If you use IBM’s WebSphere plugin for eclipse you might have the problem that other plugins can’t establish an SSL connection anymore. The result is most times a ClassNotFoundException: com.ibm.websphere.ssl.protocol.SSLSocketFactory. This blog explains the reason behind the problem and gives a workaround to prevent that exception.

Problem description

When a component within eclipse (e.g. atlassian jira connector) tries to connect to an SSL socket a ClassNotFoundException: com.ibm.websphere.ssl.protocol.SSLSocketFactory is thrown. This exception is often the root cause of other exceptions.

In my case it happened when I tried to add a “Jira Task Repository” that is accessed via HTTPS. However the problem is not to  limited the jira connector. It can happen with every plugin that tries to connect to an SSL socket.

Environment

In my case I have the following environment

  • Eclipse Kepler – running with oracle-jdk-1.7.0 u45
  • IBM WebSphere Application Server V8.5.5 Developer Tools for Eclipse Kepler V8.5.5.2
  • Atlassian JIRA Connector 3.2.2

Cause

The problem is caused by the “IBM WebSphere Application Server V8.5.5 Developer Tools for Eclipse Kepler V8.5.5.2” plugin. There is also a bug report at IBM.

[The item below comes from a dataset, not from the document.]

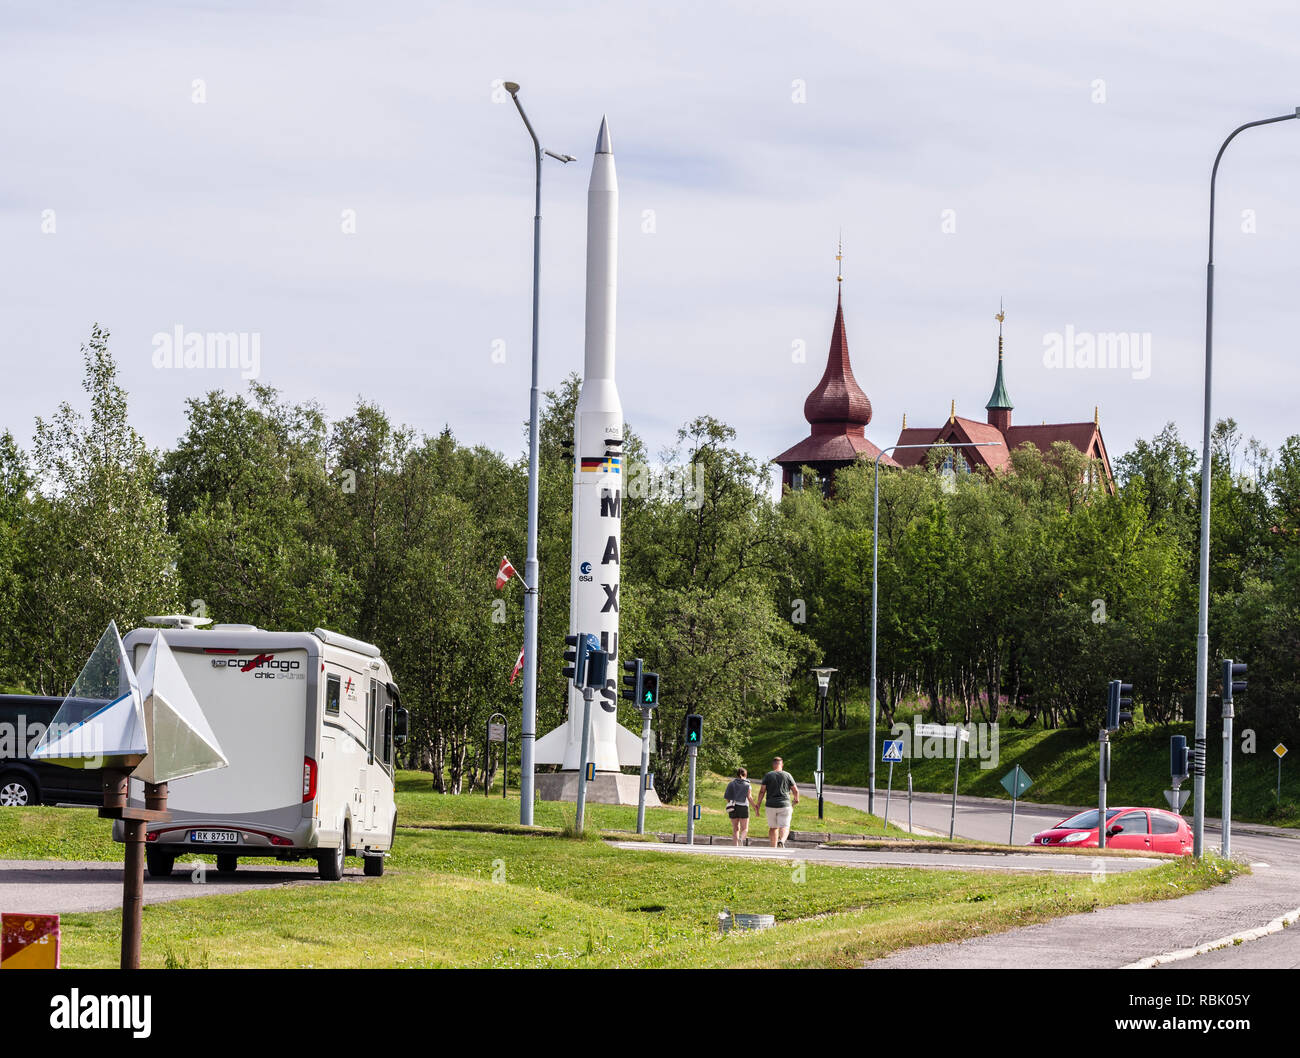 Rakete in der europäischen Forschung Programm der ESA, Kiruna Kirche in der Rückseite, Park in Kiruna, Schweden Stockfoto

When the IBM WebSphere plugin gets loaded it tries to find out if the ssl.SocketFactory.provider property is defined in the <JRE_HOME>\lib\security\java.security file. If the property is not defined the WebSphere plugin assumes that it must configure the ssl.SocketFactory.provider and therefore sets the security property to com.ibm.websphere.ssl.protocol.SSLSocketFactory programmatically via System.setProperty(String, String). Sadly the class com.ibm.websphere.ssl.protocol.SSLSocketFactory is not visible to other eclipse plugins than the IBM WebSphere plugin and thus the ClassNotFoundException is raised when trying to connect to an SSL socket.

The problematic code in websphere is located in the <WAS_HOME>/plugins/com.ibm.ws.runtime.jar in the class com.ibm.ws.ssl.provider.AbstractJSSEProvider. The com.ibm.ws.ssl.provider.AbstractJSSEProvider sets the ssl.SocketFactory.provider if the java.security configuration property is null.

So if we want to prevent the com.ibm.ws.ssl.provider.AbstractJSSEProvider from setting the ibm socket factory we must set a ssl.SocketFactory.provider in the <JRE_HOME>\lib\security\java.security.

But here comes another tricky part. We can NOT simply set the ssl.SocketFactory.provider to the javax.net.ssl.DefaultSSLSocketFactory. This might end in an InstantiationException, because the DefaultSSLSocketFactory only has package scope and therefore only classes in the same package like the javax.net.ssl.SSLSocketFactory have access to it. If another component reads the security property and tries to instantiate it via reflection (e.g. using commons httpclient) you might get an exception like this:

So we need an solution that prevents the websphere plugin class  com.ibm.ws.ssl.provider.AbstractJSSEProvider from setting IBM WebSphere’s SSL socket factory and instead use the DefaultSSLSocketFactory even if we have not specified it explicitly.

Solution

Edit the <JRE_HOME>\lib\security\java.security file of the JVM that runs eclipse and ensure that the ssl.SocketFactory.provider and ssl.ServerSocketFactory.provider are empty.

I prefer to leave them just empty so that javax.net.ssl.SSLSocketFactory will load the default factories.

This solution works because the websphere class com.ibm.ws.ssl.provider.AbstractJSSEProvider checks if the properties are null or not. Since the properties are defined but don’t define a value the value is an empty string. So the IBM WebSphere’s plugin will not set it’s own factory and default implementation of the JDK will load the DefaultSSLSocketFactory, because it can not load a class with an empty name.